Fej\'er-monotone hybrid steepest descent method for affinely constrained and composite convex minimization tasks

TL;DR

This paper proposes the FM-HSDM algorithm, a new method for solving affinely constrained convex minimization problems in Hilbert spaces, offering convergence guarantees, flexibility, and efficiency for large-scale tasks.

Contribution

The paper introduces FM-HSDM, a novel Fejér-monotone hybrid steepest descent method that handles affine constraints more flexibly than existing primal-dual and ADMM methods.

Findings

Sequences converge weakly and strongly to solutions.

Algorithm accommodates affine constraints more flexibly.

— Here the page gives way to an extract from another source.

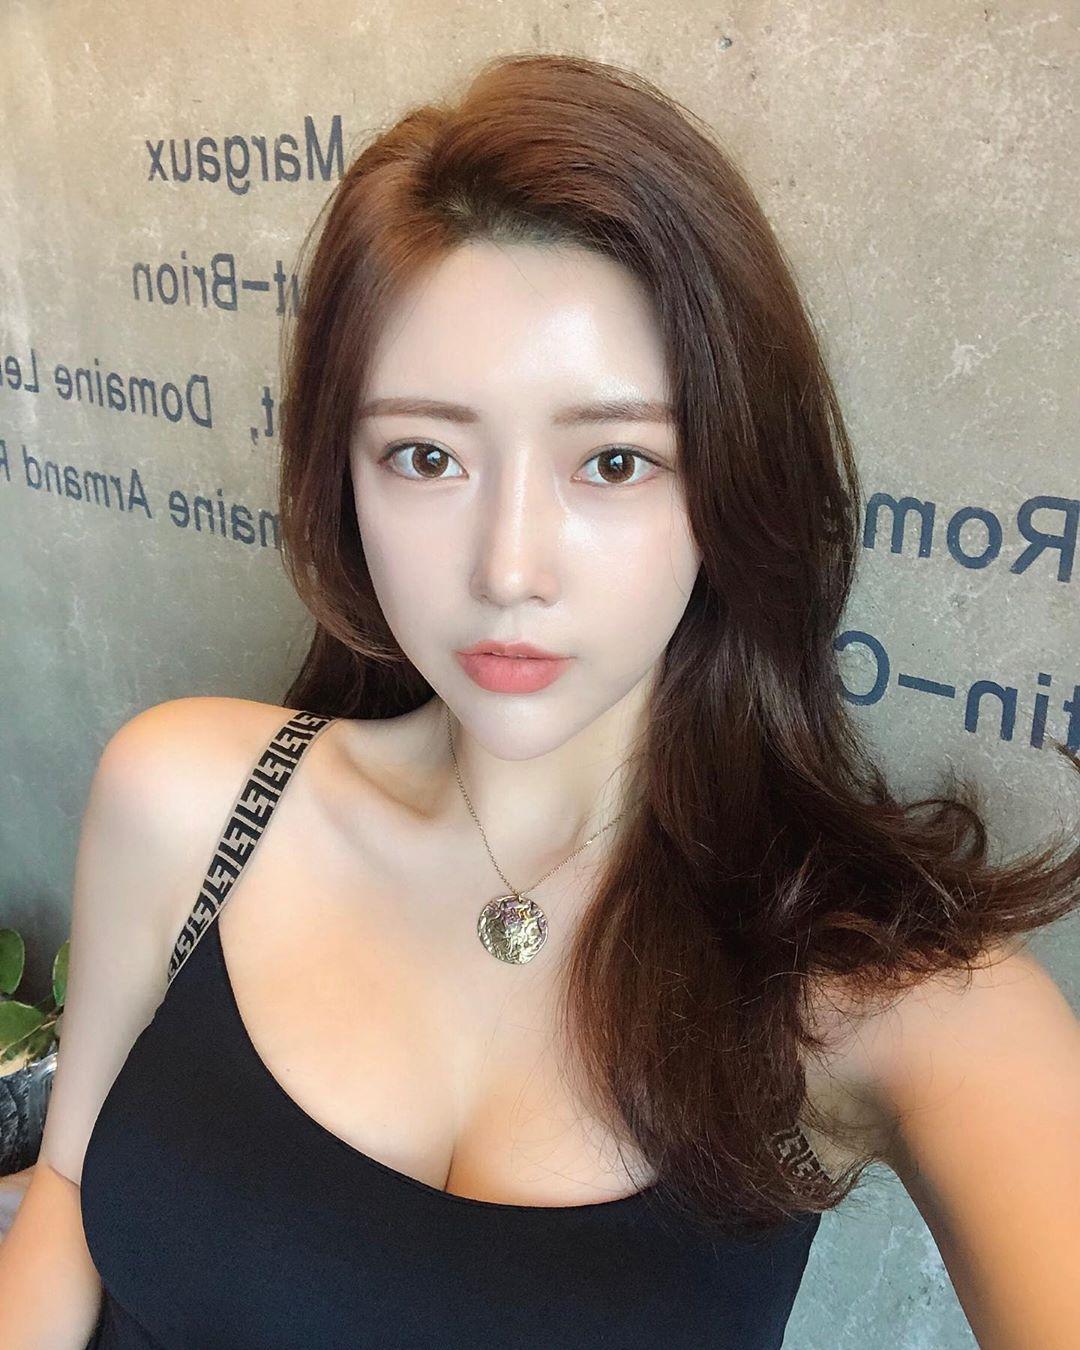 脱衣有肉穿衣显瘦的极品韩国美女

Suitable for large-scale optimization with low computational cost.

Abstract

This paper introduces the Fej\'er-monotone hybrid steepest descent method (FM-HSDM), a new member to the HSDM family of algorithms, for solving affinely constrained minimization tasks in real Hilbert spaces, where convex smooth and non-smooth losses compose the objective function. FM-HSDM offers sequences of estimates which converge weakly and, under certain hypotheses, strongly to solutions of the task at hand. Fixed-point theory, variational inequalities and affine-nonexpansive mappings are utilized to devise a scheme that accommodates affine constraints in a more versatile way than state-of-the-art primal-dual techniques and the alternating direction method of multipliers do. Recursions can be tuned to score low computational footprints, well-suited for large-scale optimization tasks, without compromising convergence guarantees. In contrast to its HSDM's precursors, FM-HSDM enjoys Fej\'er monotonicity, the step-size parameter stays constant across iterations to promote convergence speed-ups of the sequence of estimates to a minimizer, while only Lipschitzian continuity, and not strong monotonicity, of the derivative of the smooth-loss function is needed to ensure convergence. Results on the rate of convergence to an optimal point are also presented.